Provided material:
----------------------------------------

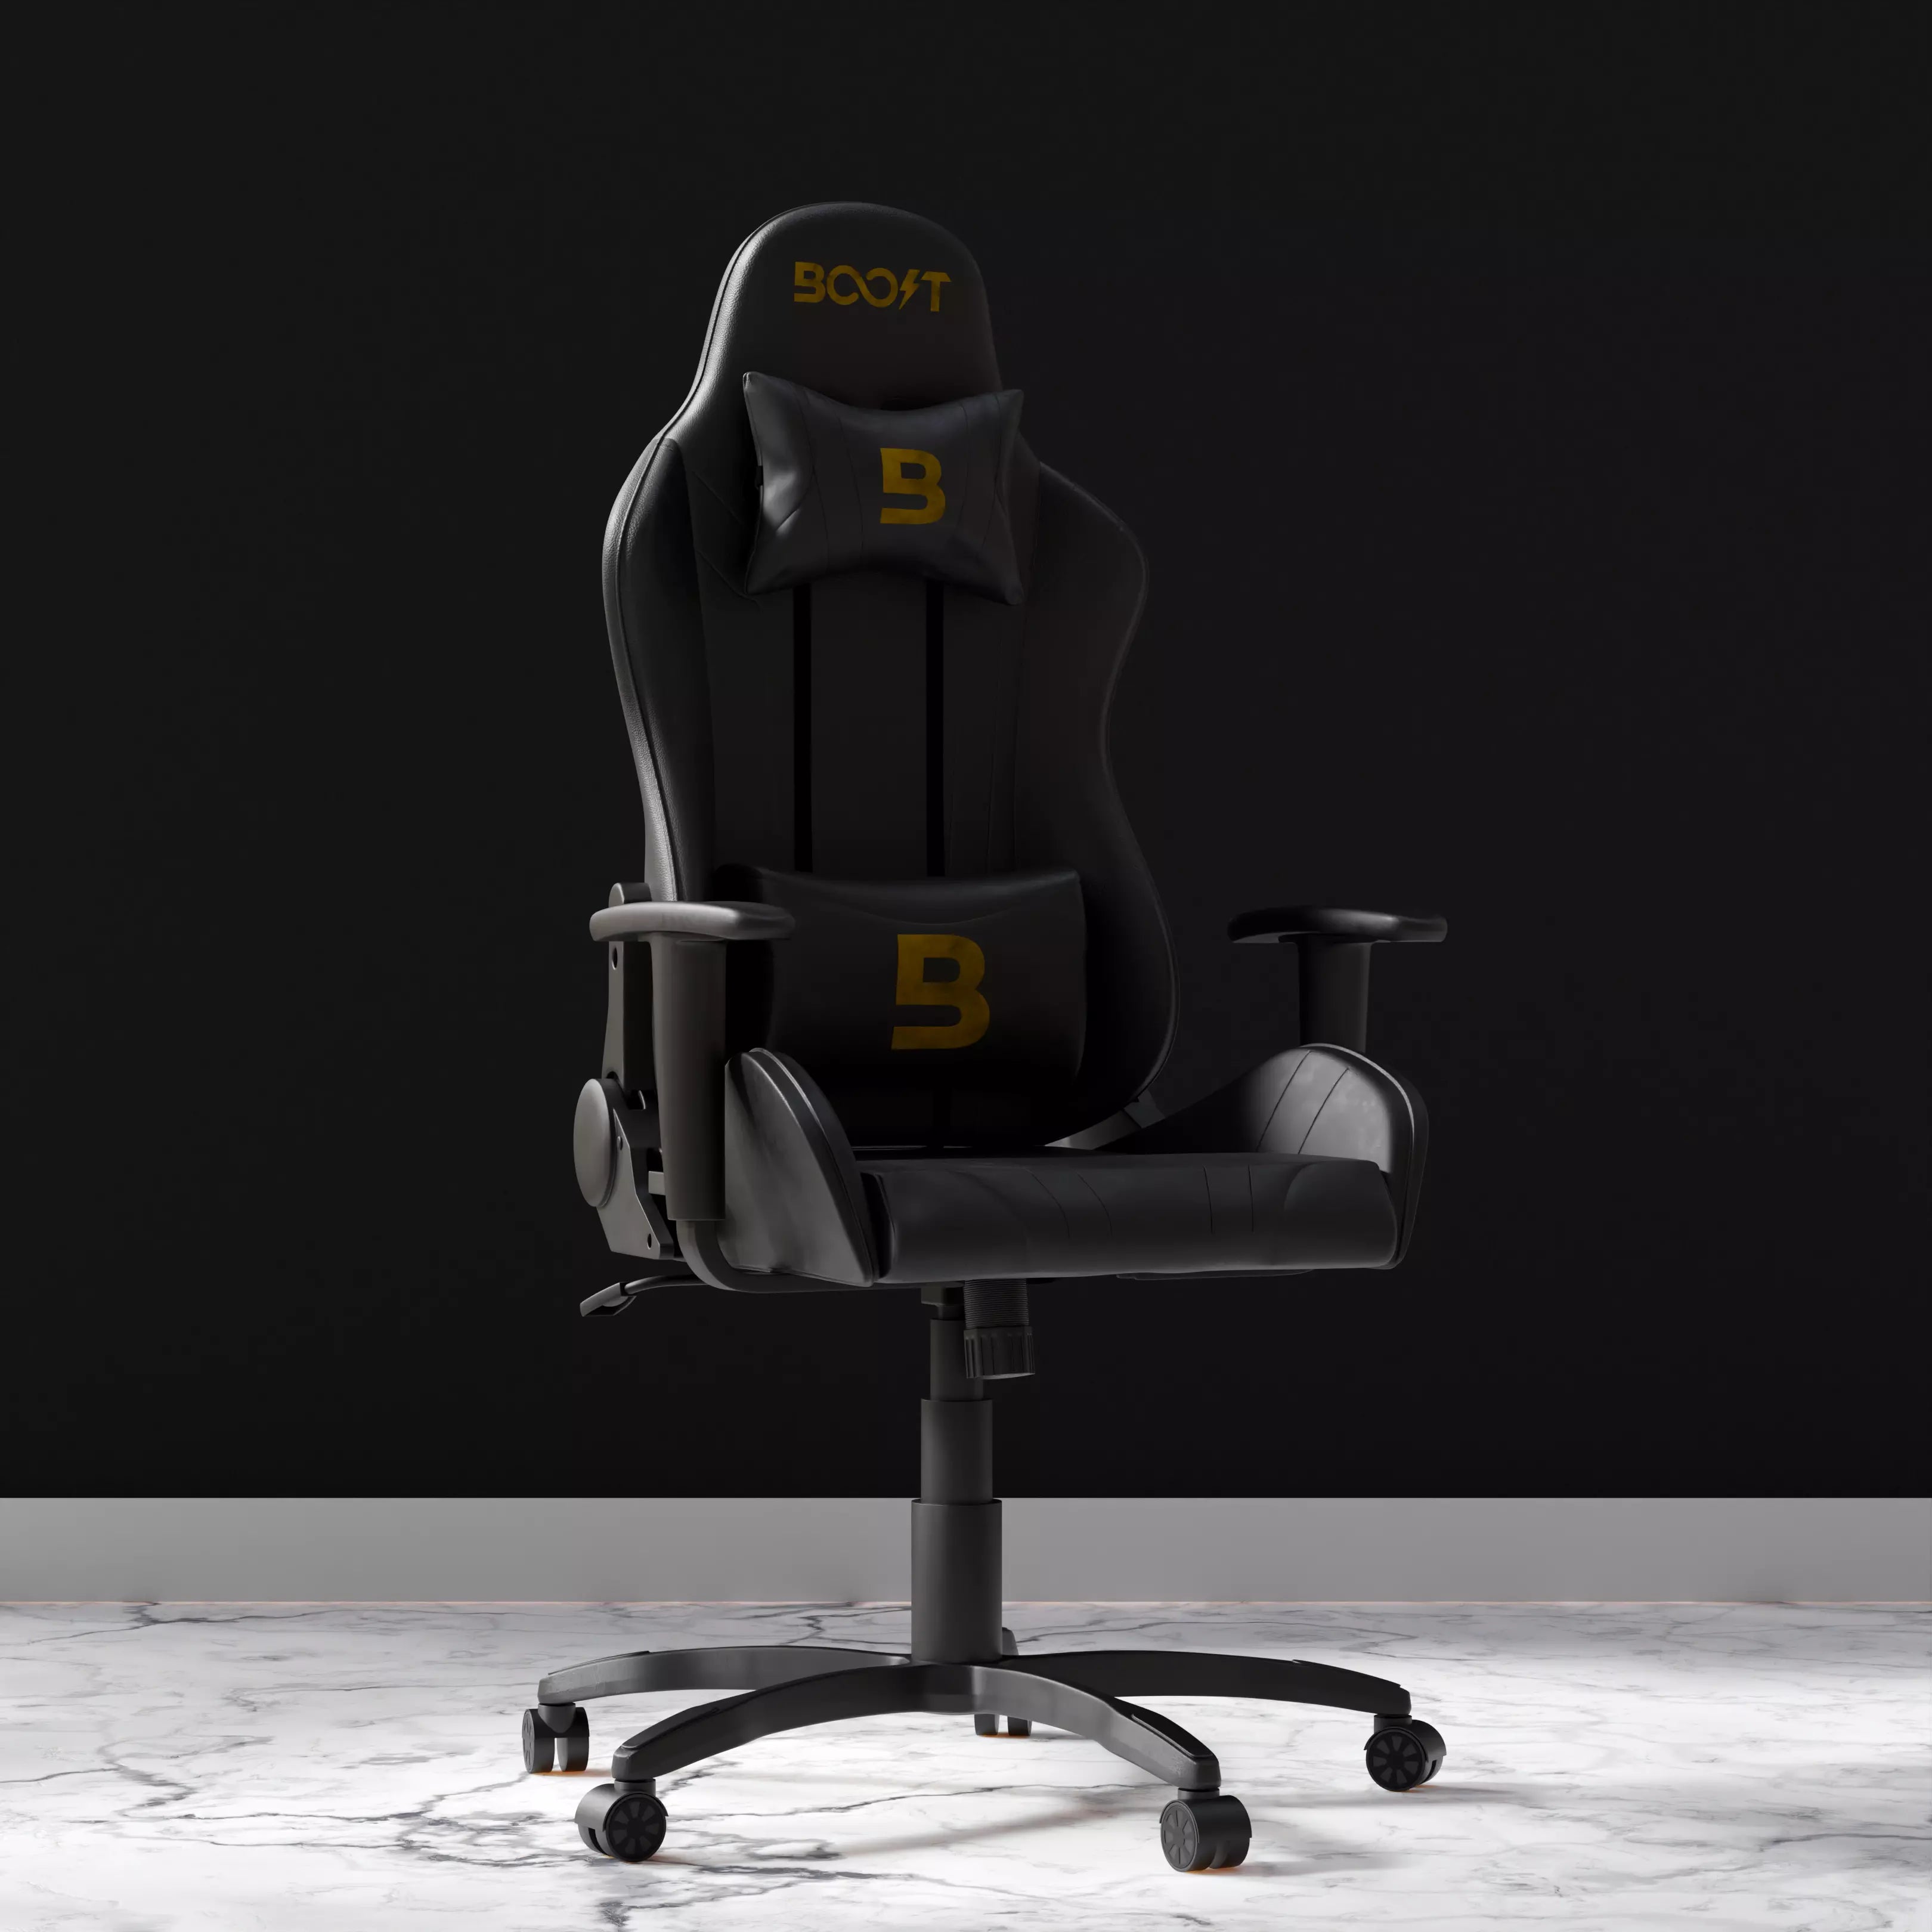 Boost Impulse Gaming Chair
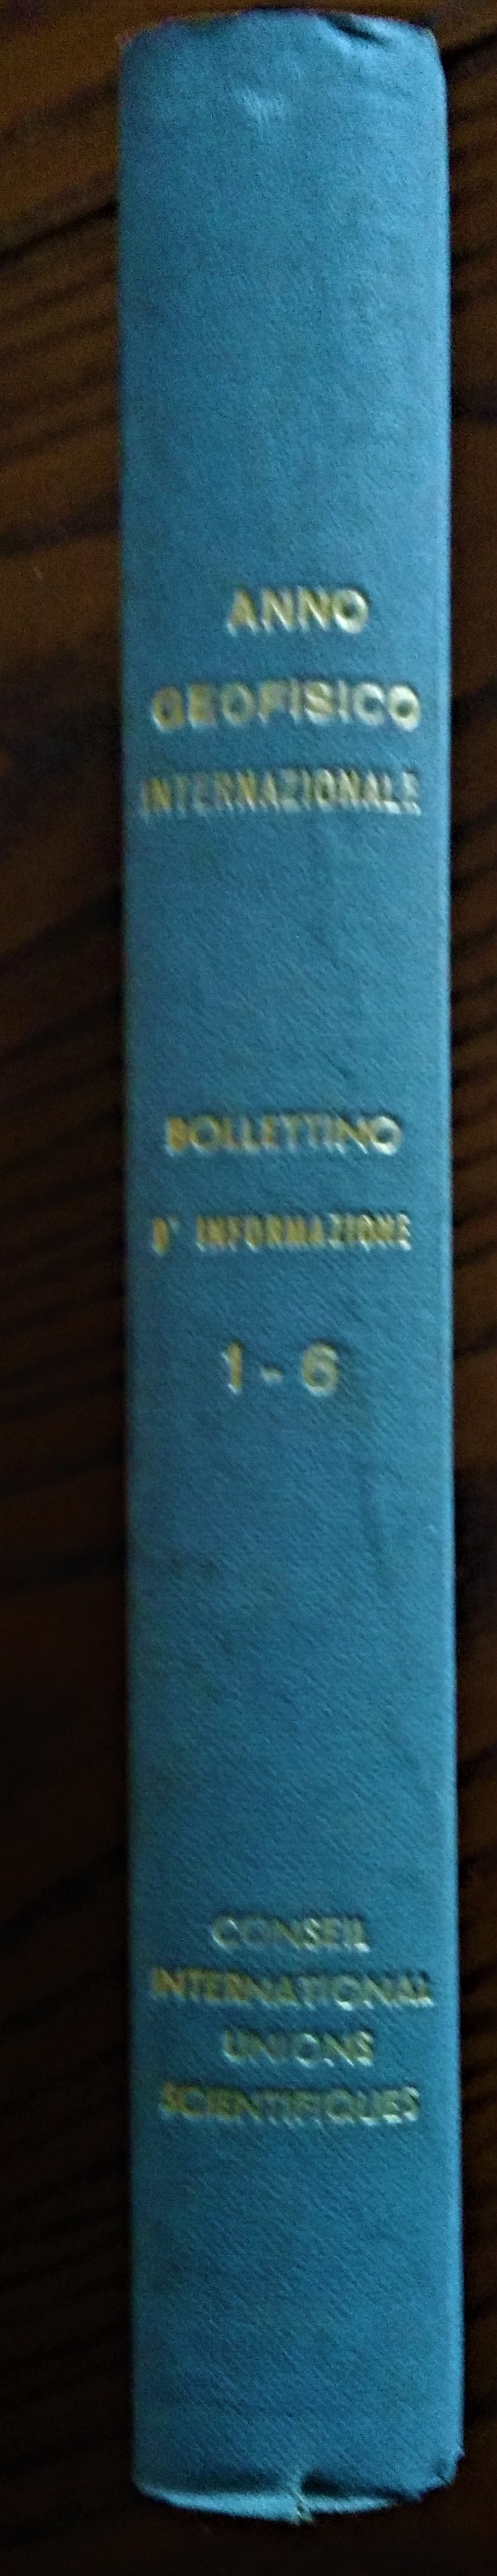 Annèe Gèophysique internationale 1957/1958 - International Geophysical Year. Bullettin d'information …
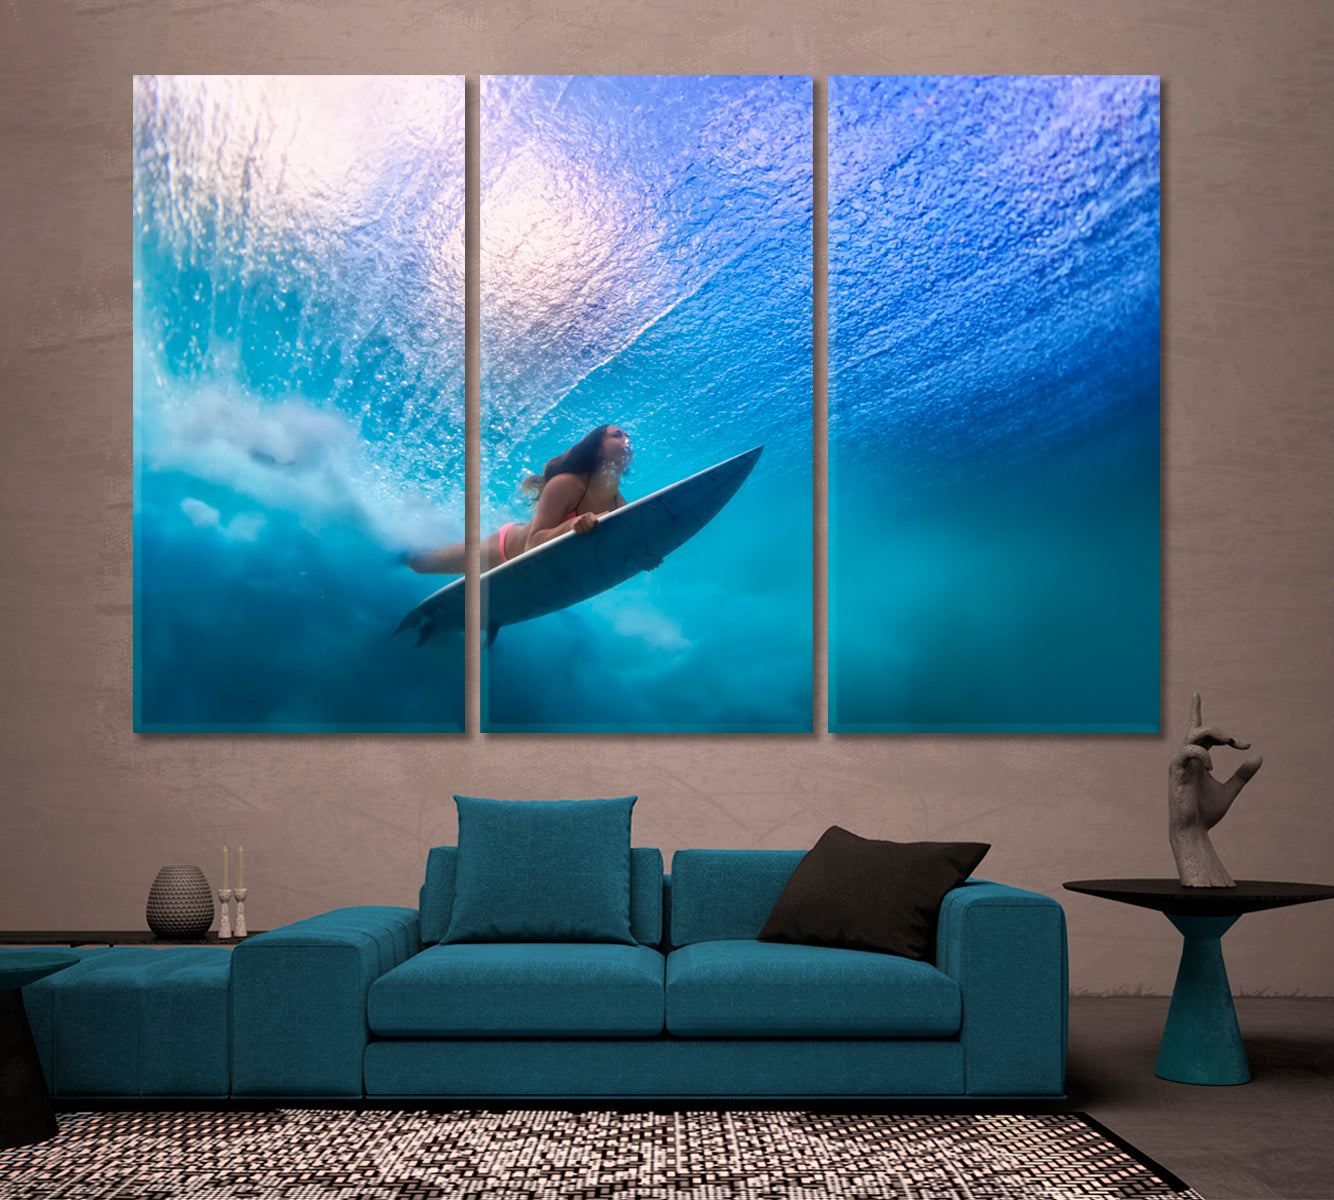 UNDERWATER Breaking Ocean Wave Extreme Surfing Dive Sport Motivation Sport Poster Print Decor Artesty 3 panels 36" x 24"

----------------------------------------

Exercise goal:
The whole of the data above needs retyping exactly, with pictures omitted.

Answer space:
 Boost Impulse Gaming Chair
 Annèe Gèophysique internationale 1957/1958 - International Geophysical Year. Bullettin d'information …
 UNDERWATER Breaking Ocean Wave Extreme Surfing Dive Sport Motivation Sport Poster Print Decor Artesty 3 panels 36" x 24"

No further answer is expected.